SmartReader

A library to extract the main content of a web page, removing ads, sidebars, etc.

[TOC]

What and Why

This library supports the .NET Standard 2.0. It is a port of Mozilla Readability. The original library is stable and used in production inside Firefox. By relying on a library maintained by a competent organization like Mozilla we can piggyback on their hard and well-tested work.

SmartReader also added some improvements on the original library, getting more and better metadata:

site name
an author and publication date
the language
the excerpt of the article
the featured image
a list of images found (it can optionally also download them and store as data URI)
an estimate of the time needed to read the article

Some of these fields are now present in the original library.

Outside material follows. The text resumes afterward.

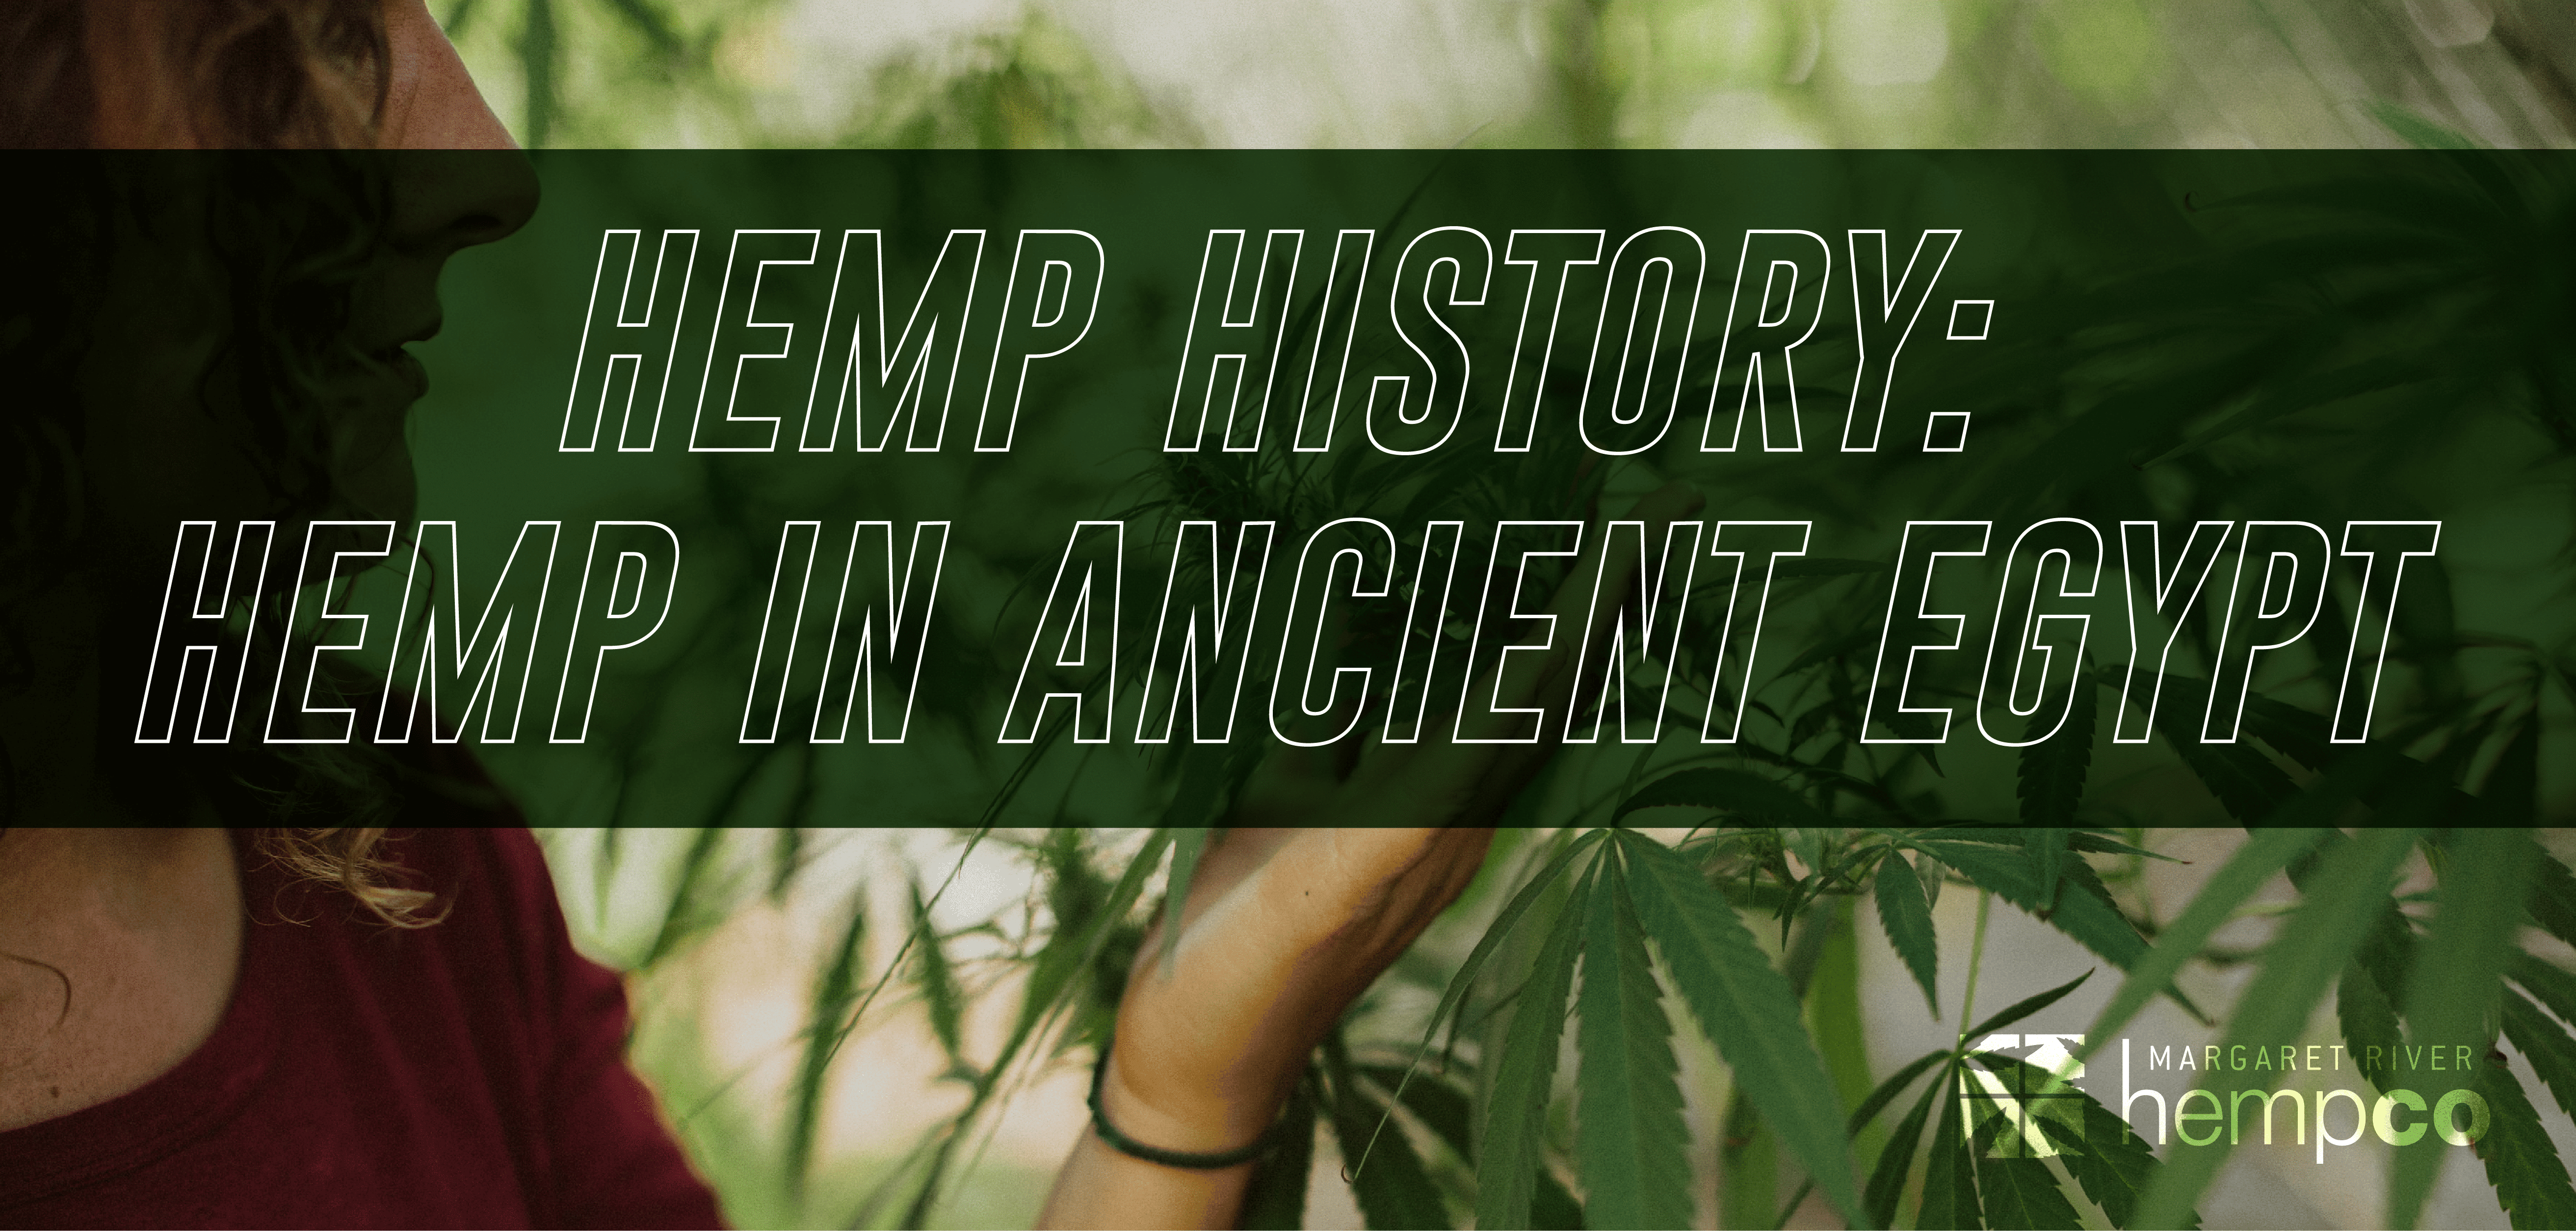 Hemp History in Ancient Egypt

It also allows to perform custom operations before and after extracting the article.

Feel free to suggest new features.

Installation

It is trivial using the NuGet package.

PM> Install-Package SmartReader

Usage

There are mainly two ways to use the library. The first is by creating a new Reader object, with the URI as the argument, and then calling the GetArticle method to obtain the extracted Article. The second one is by using one of the static methods ParseArticle of Reader directly, to return an Article. Both ways are available also through an async method, called respectively GetArticleAsync and ParseArticleAsync. The advantage of using an object, instead of the static method, is that it gives you the chance to set some options.

There is also the option to parse directly a String or Stream that you have obtained by some other way. This is available either with ParseArticle methods or by using the proper Reader constructor. In either case, you also need to give the original URI. It will not re-download the text, but it needs the URI to make some checks and fixing the links present on the page. If you cannot provide the original uri, you can use a fake one, like https:\\localhost.

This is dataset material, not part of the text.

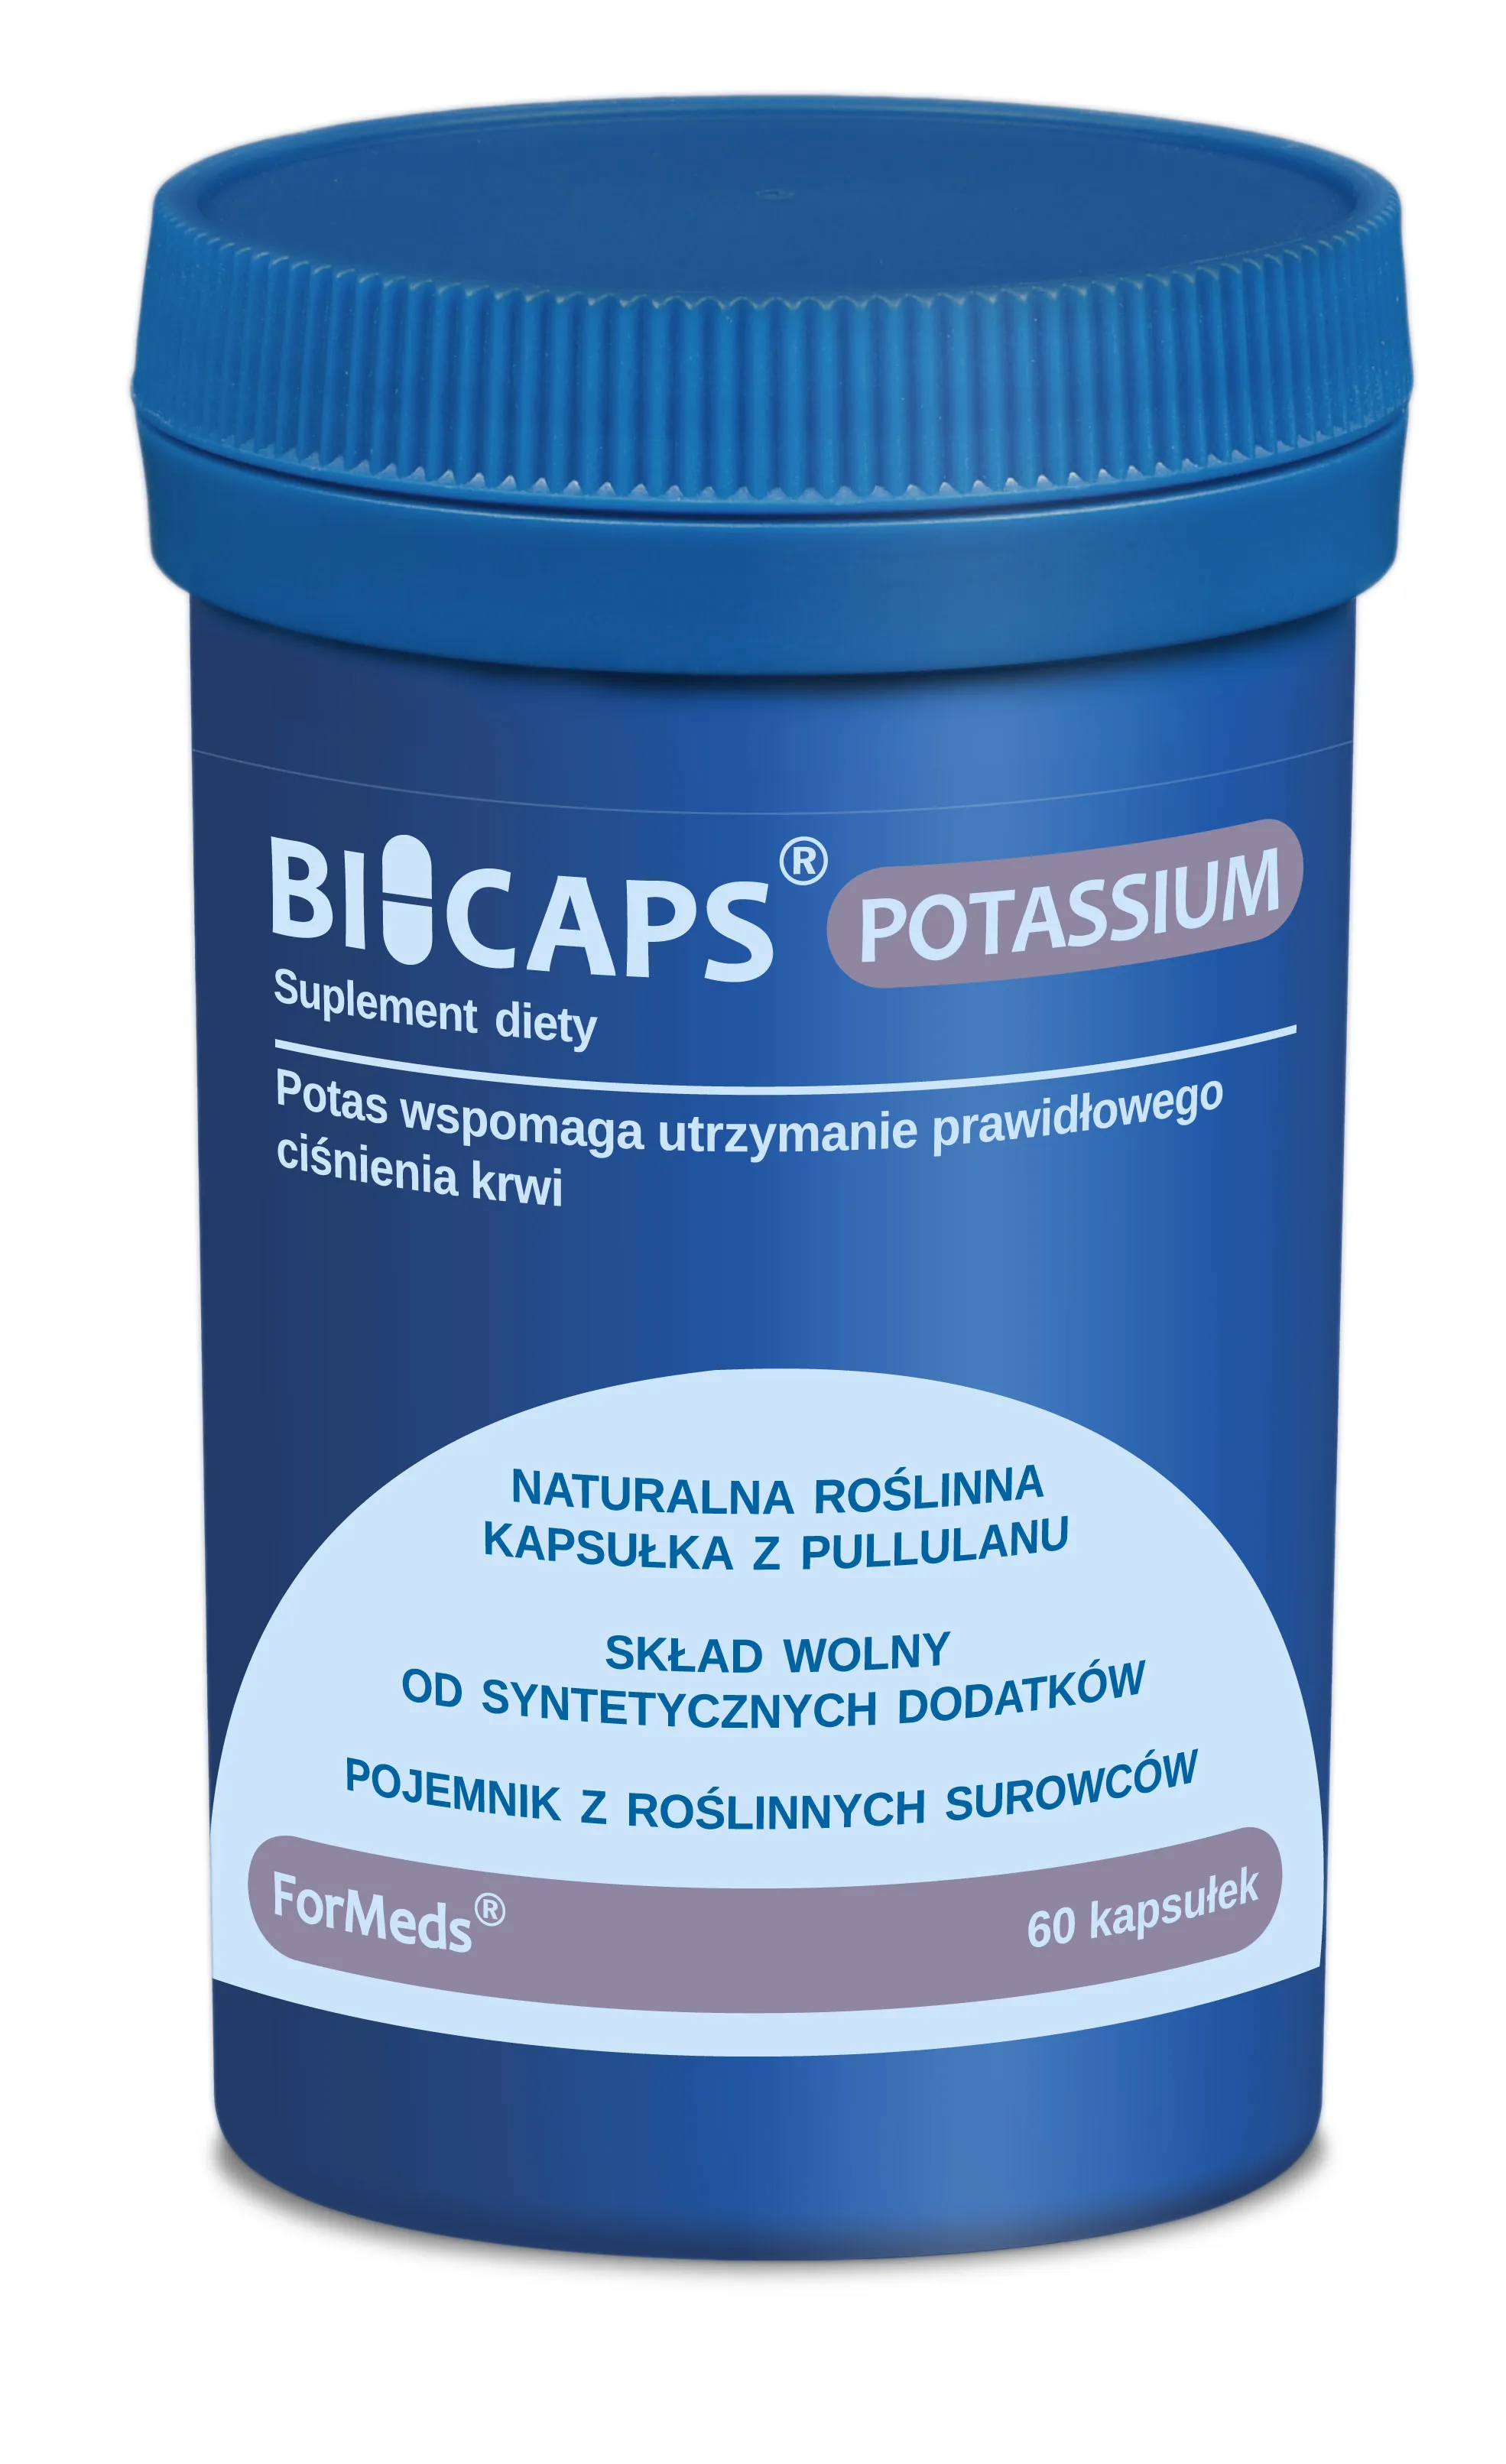 ForMeds Bicaps Potassium, suplement diety,  60 kapsułek

If the extraction fails to extract an article, the returned Article object will have the field IsReadable set to false.

If fetching the resource fails, the library will catch the HttpRequestException, set IsReadable to false, Completed to false and add an Exception to the list of Errors.

The content of the article is unstyled, but it is wrapped in a div with the id readability-content that you can style yourself.

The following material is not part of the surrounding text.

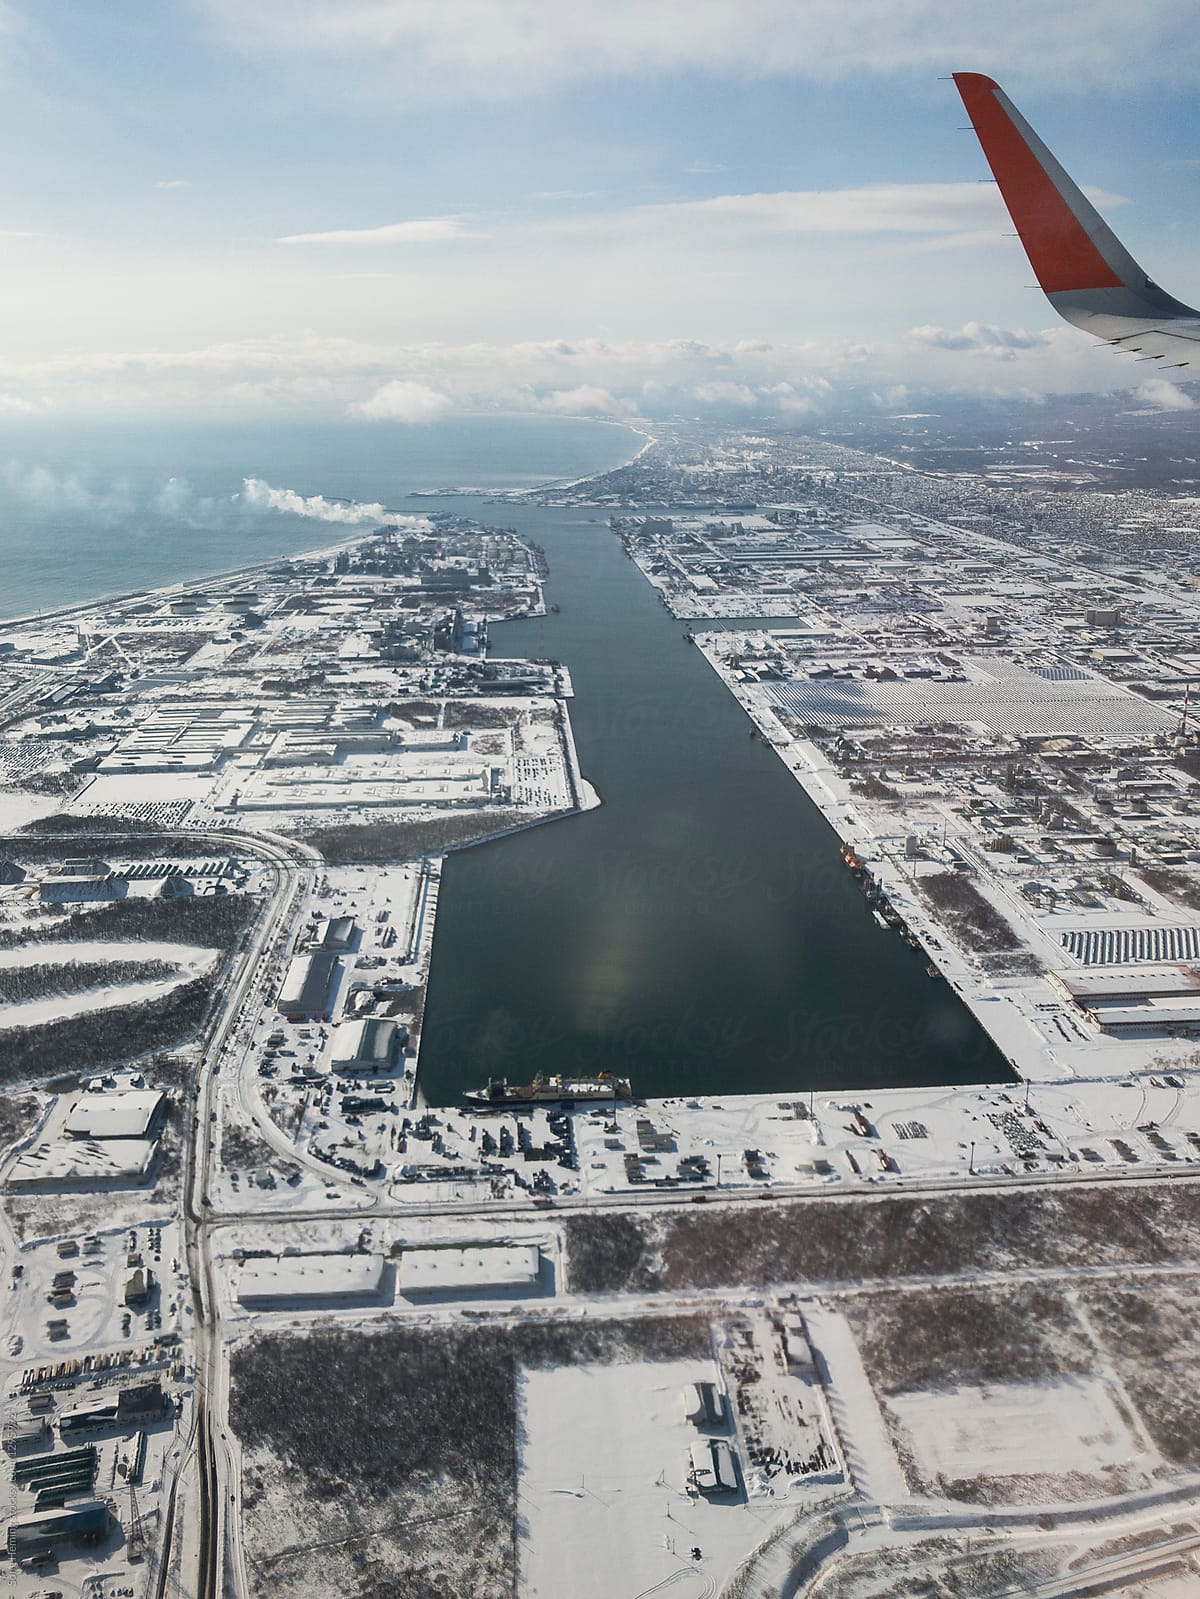 Aerial view of Hokkaido island Japan

The library tries to detect the correct encoding of the text, if the correct tags are present in the text.

On the Article object you can call GetImagesAsync to obtain a Task for a list of Image objects, representing the images found in the extracted article. The method is async because it makes HEAD Requests, to obtain the size of the images and only returns the ones that are bigger than the specified size. The size by default is 75KB. This is done to exclude things such as images used in the UI.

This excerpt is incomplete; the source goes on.